Big little droplets

Article by Amanda Jasi

RESEARCHERS at MIT have discovered a method that makes sprayed droplets hit and stick to their targets, that could potentially benefit agriculture and other industries.

Droplet size is important when it comes to spraying paint or coatings onto surfaces, or fertilisers and pesticides onto crops. Large droplets drift less in the wind and are more likely to strike their intended target. Smaller droplets are more likely to stick to their targets. Typically, less than 5% of sprayed liquids actually stick to their intended targets, and 95% or more is wasted. Half is lost to drift and never reaches the target, and the other half bounces away.

Varanasi Group, MIT
Droplet colliding with mesh

The team at MIT discovered a way to balance the properties of size and provide small droplets that don’t drift too far. They placed a fine mesh barrier between the spray and the target, which caused droplets to break up to one-thousandth of their initial size. The large form enabling accuracy, and the smaller, atomised form enabling adherence.
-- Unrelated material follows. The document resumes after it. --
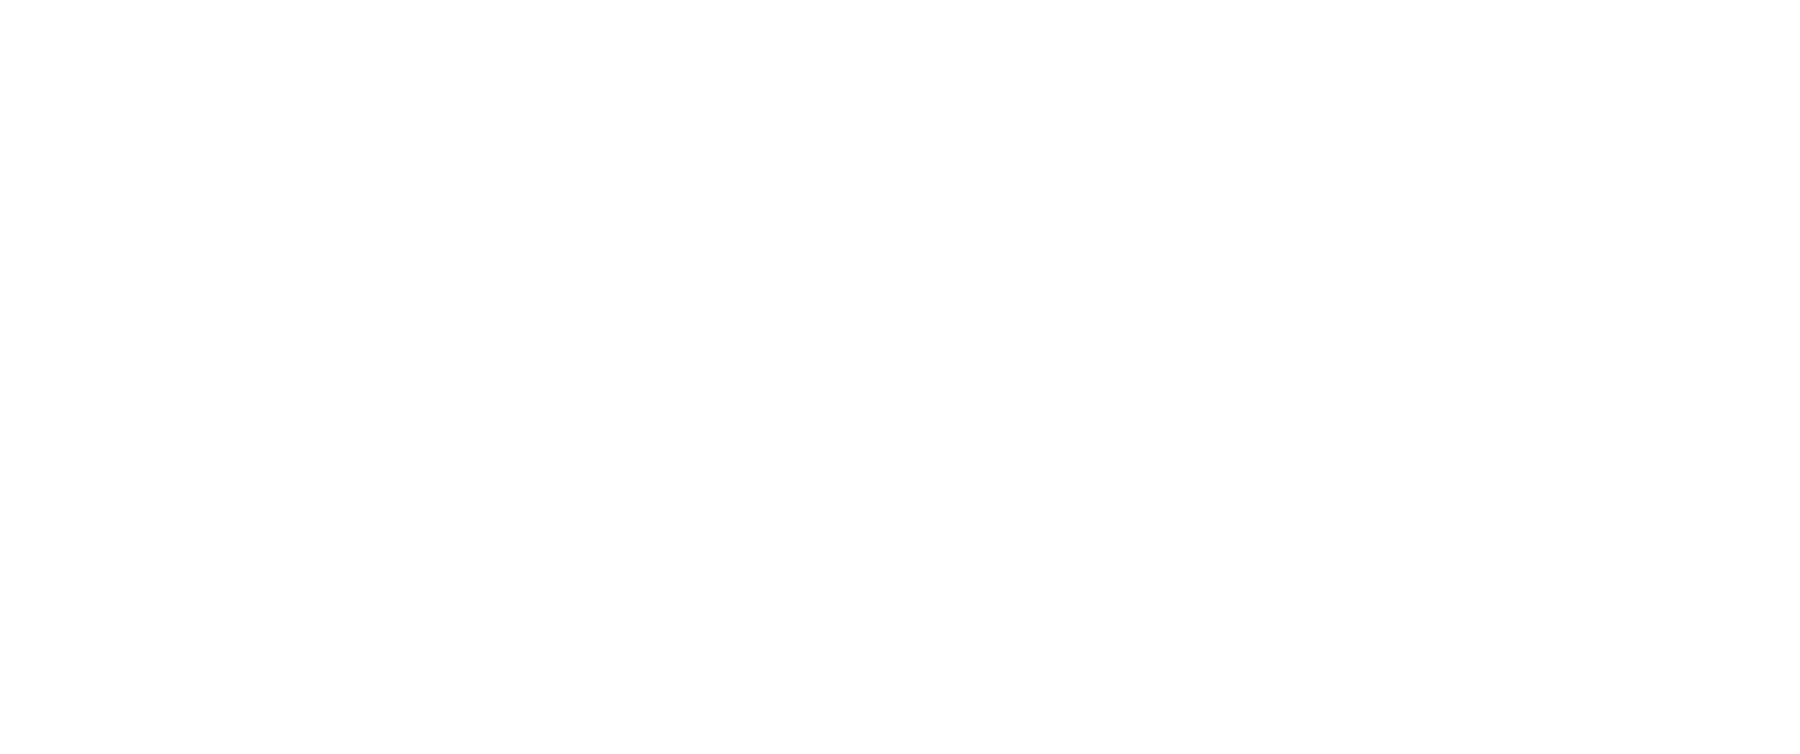 Ted Sun

Therefore, sprays in the form of large drops which are less likely to be put off course by wind could be directed at the targets, and the chances of sticking would be increased by subsequent atomisation and conical spray caused by the mesh.

In agriculture, using a mesh to break up droplets would enable farmers to use conventional fertilisers and pesticides that spray out large droplets, but achieve more efficient coverage via atomisation and conical spray as a result of the mesh.

 The researchers primarily focused on commonly-available and inexpensive fine stainless-steel mesh, though many kinds of mesh materials would work. What matters is the size of the openings in the mesh, and its thickness. Researchers quantified these through a series of laboratory experiments and mathematical analysis.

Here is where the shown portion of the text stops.